= Wetlands International =

Non-profit organization

Wetlands International is a global organisation that works to sustain and restore wetlands and their resources for people and biodiversity. It is an independent, not-for-profit, global organisation, supported by government and NGO membership from around the world.

Based mostly in the developing world, it has 20 regional, national or project offices in all continents and a head office in Ede, the Netherlands.
The NGO works in over 100 countries and at different scales to tackle problems affecting wetlands. With the support of dozens of governmental, NGO and corporate donors and partners, it supports about 80 projects.

Wetlands International's work ranges from research and community-based field projects to advocacy and engagement with governments, corporate and international policy fora and conventions. Wetlands International works through partnerships and is supported by contributions from an extensive specialist expert network and thousands of volunteers.

==History==
It was founded in 1937 as the International Wildfowl Inquiry and the organisation was focused on the protection of waterbirds. Later, the name became International Waterfowl & Wetlands Research Bureau (IWRB). The scope became wider; besides waterbirds, the organisation was also working on the protection of wetland areas.

Later, organisations with similar objectives emerged in Asia and the Americas: the Asian Wetland Bureau (AWB) (initiated as INTERWADER in 1983) and Wetlands for the Americas (WA) (initiated in 1989). In 1991, the three organisations started to work closely together.

In 1995, the working relation developed into the global organisation Wetlands International.

Wetlands International works in many thematic areas throughout the world, including the links between peatlands and climate change, as well as wetlands and waterbird migration, based on extensive research as well as field projects. It coordinates the International Waterbird Census, a large-scale citizen science project with decades of data.

==Key areas of work==
Currently, Wetlands International has four primary areas of work, which are:

===Peatlands===

Wetlands International's peatlands work is focused in Eurasia and southeast Asia. The peatswamp forests of Central Kalimantan, Indonesia, are studied and worked on in particular for climate mitigation. The project Restoring peatlands in Russia is a joint-effort with the government and Greifeswald University, and was recognised by the UNFCCC with a Momentum for Change award in 2017, for storing up to 200,000 tonnes CO_{2}e of carbon emissions every year by rewetting peatlands and preventing fires.

In the severely degraded peat lands of Central Kalimantan, drainage canals and logging have had disastrous impacts in an attempt to convert the unsuitable peatswamps into rice fields. By building small dams and blocks, the drainage of the area was stopped, preventing further oxidation of the peat soil. The area was then reforested with native tree species and community fire brigades to prevent the island's huge problem of peat fires.

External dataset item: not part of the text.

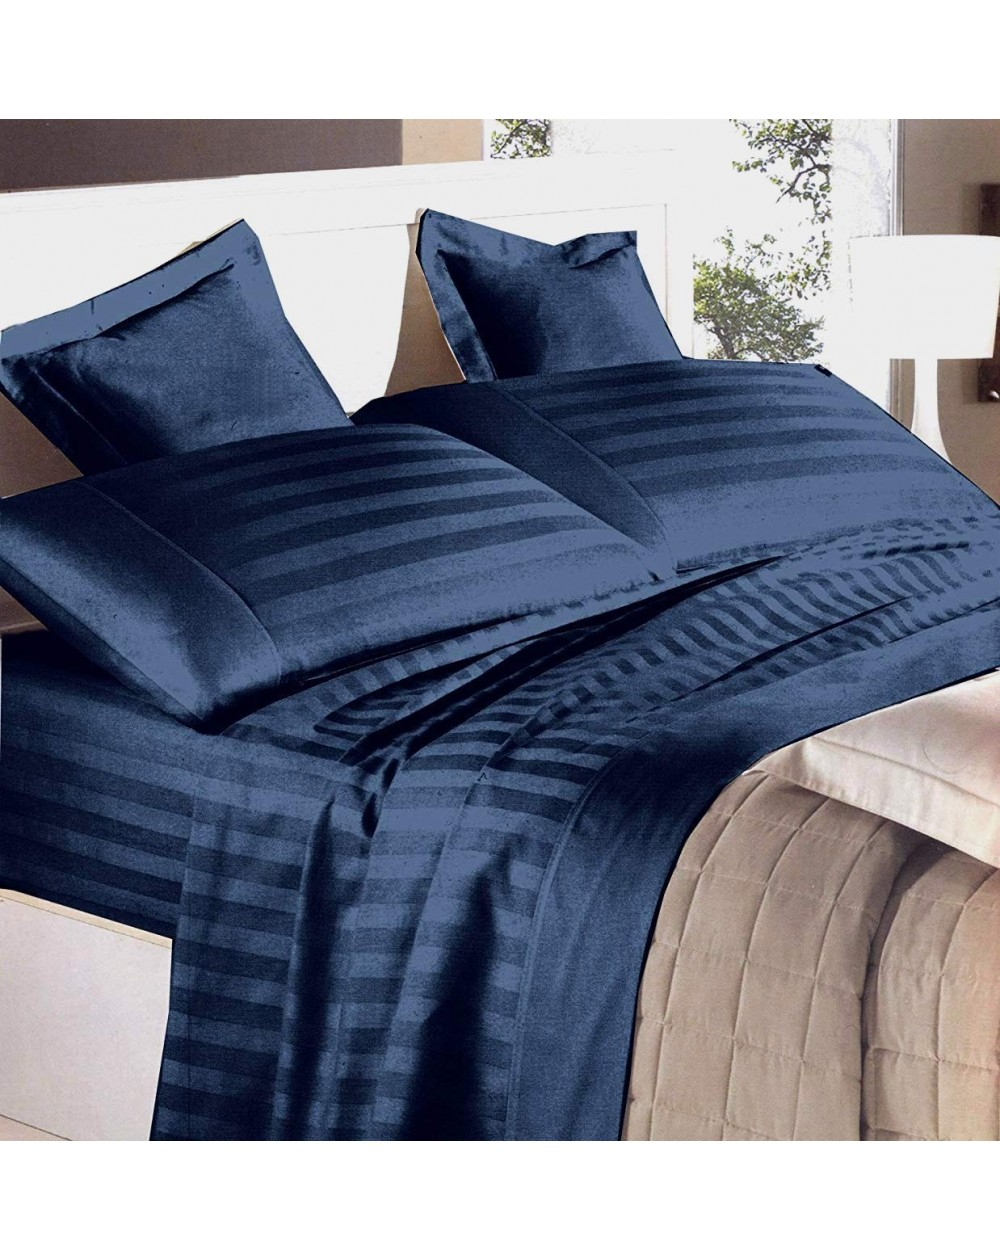 Lenzuola Di Raso Matrimoniali.Garnitur Bettlaken Doppelbett Baumwolle Italia Blu Navy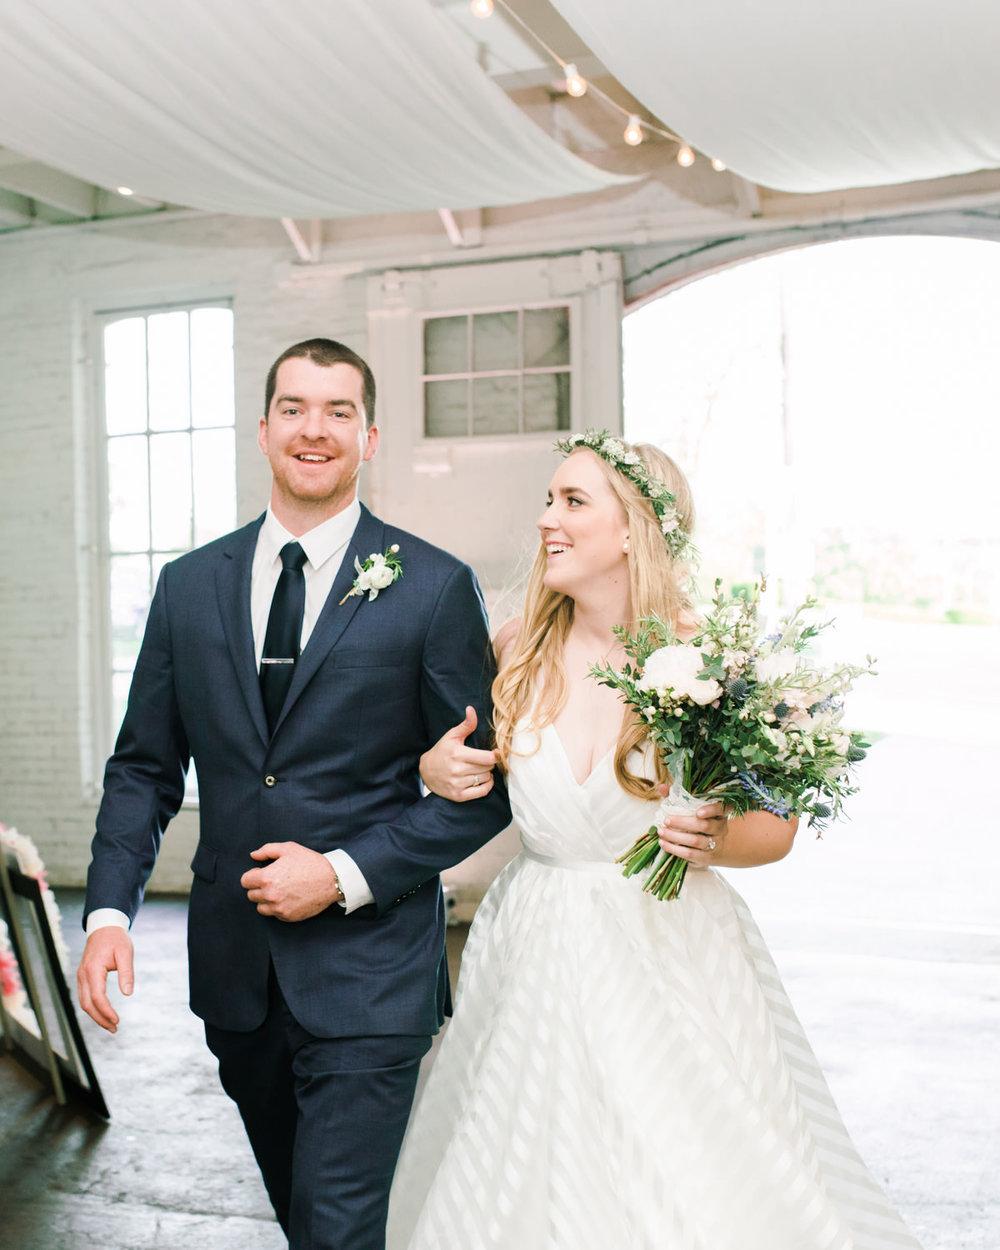 Steeler's Football Player Jordan Berry & Emily Berry Round Barn Wedding-84.jpg

===China’s Ruoergai marshes===

Previous work in China has included the Ruoergai marshes, and new work is looking at the Yellow Sea/Bohai migratory bird flyway. Runoff from the glaciers in the Himalayas towards China’s lowland is regulated and stored in the Ruoergai marshes. The Wetlands International China office worked to have this peatland declared a Ramsar site, giving the Chinese government the obligation to protect the area. Furthermore, because of the work with the local Chinese authorities in measuring the impact of different management options, peat mining and drainage are now no longer allowed in Ruoergai and the neighbouring counties. This also leads to improved water supply to the Yellow River and Yangtze River.

===Turberas of Tierra del Fuego, Argentina ===

In Tierra del Fuego, Argentina, the Wetlands International Latin America office built awareness of sustainable use of the peatlands from the local to the national level, which have contributed to their protection.

===Coastal wetlands===

Coastal wetlands such as mangrove forests and coral reefs reduce the impact of storms. Mangroves can even cope with sea level rise and provide protection from impacts of waves.

===Dryland regions===

In dryland regions such as sub-Saharan Africa, less rainfall and longer droughts increase the already huge importance of the Sahelian wetlands, and at the same time threaten overexploitation of these areas.

Wetlands International works in Mali to improve the livelihoods and water provision of communities in the Inner Niger Delta in a changing climate.

===Biodiversity and waterbirds===
Wetlands International works to protect and restore the rich biodiversity of wetlands. Millions of waterbirds depend on wetlands like marshes, lakes and coastal zones. Wetlands International coordinates an International Waterbird Census in most countries of the world outside the US where it approximates to the Christmas Bird Count run by the Audubon Society. The census takes place in 143 countries, divided into five regions, visiting 15,000 sites over 60 years.

====Promoting the protecting of wetlands along the flyways of waterbirds====
Wetlands International promotes the establishment of ecological networks of well managed, protected wetlands, along the main flyway routes of migratory waterbirds. These wetlands provide stepping stones for migratory waterbirds; crucial for their survival. Wetlands International supports international governmental agreements to create these networks.